Dataset excerpts>
* * *

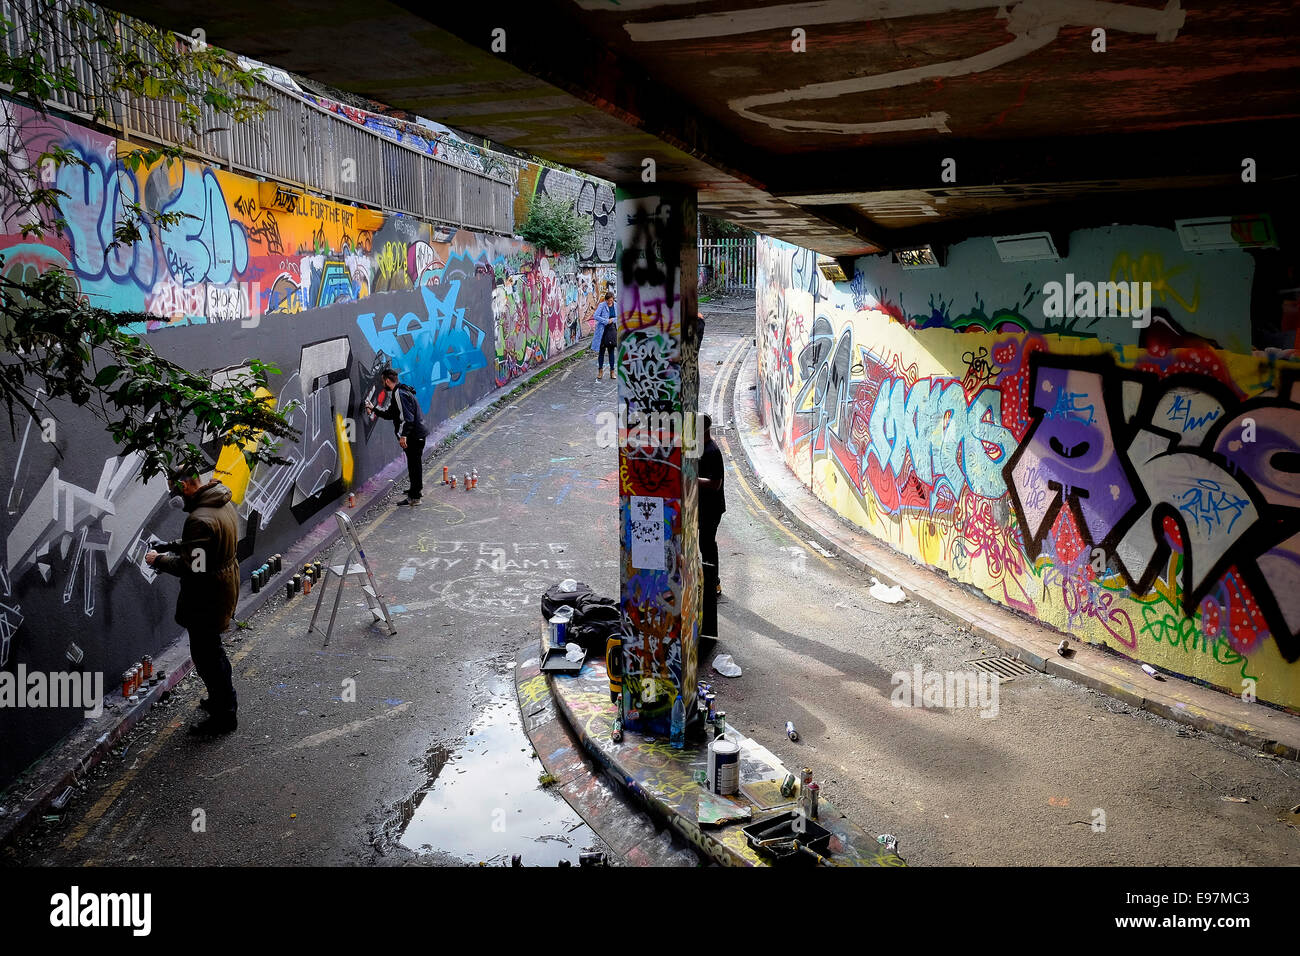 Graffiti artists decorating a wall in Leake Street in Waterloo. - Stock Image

* * *

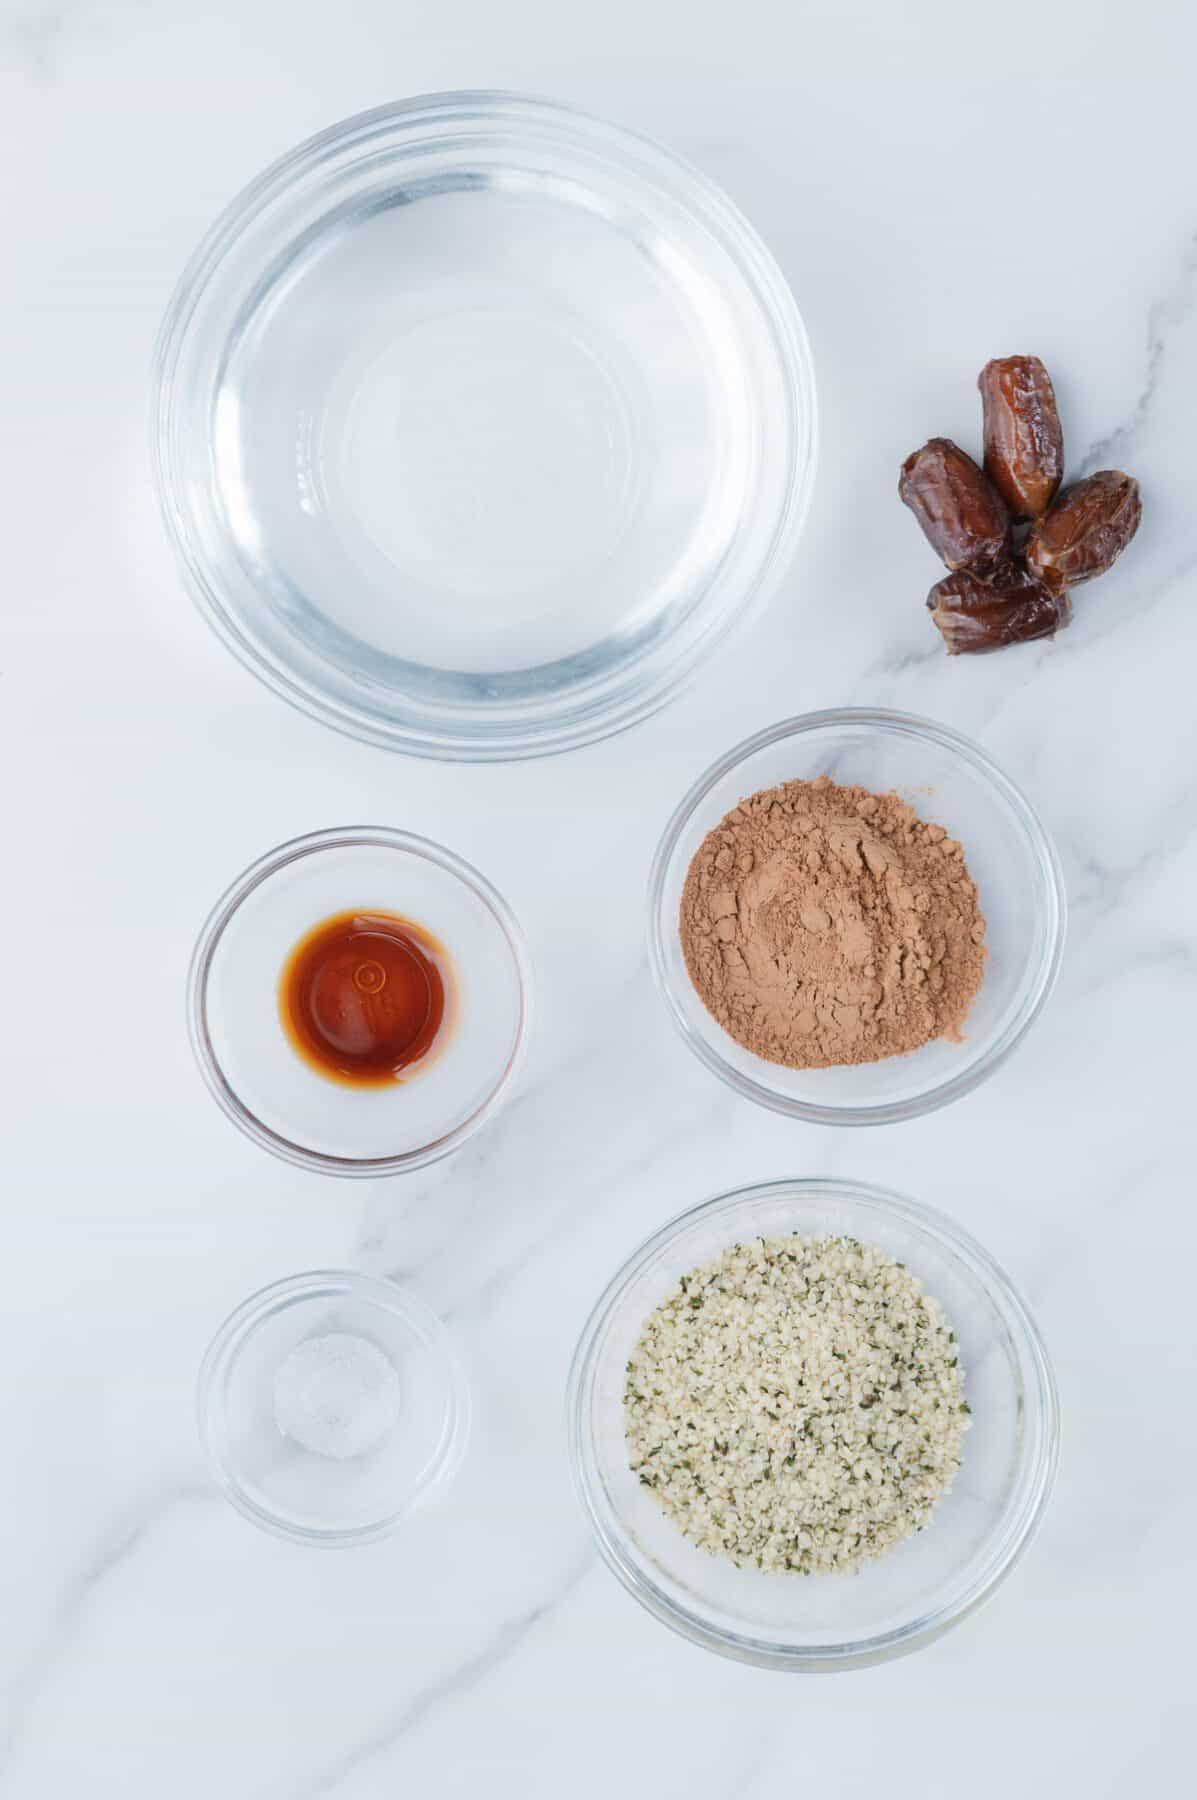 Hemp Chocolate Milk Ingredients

* * *

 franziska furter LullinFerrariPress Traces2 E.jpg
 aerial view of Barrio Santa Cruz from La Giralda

* * *

Taking the entries above, print exactly the lines starting at the line with "franziska furter LullinFerrariPress" and ending at the line with "aerial view of", both included.

 franziska furter LullinFerrariPress Traces2 E.jpg
 aerial view of Barrio Santa Cruz from La Giralda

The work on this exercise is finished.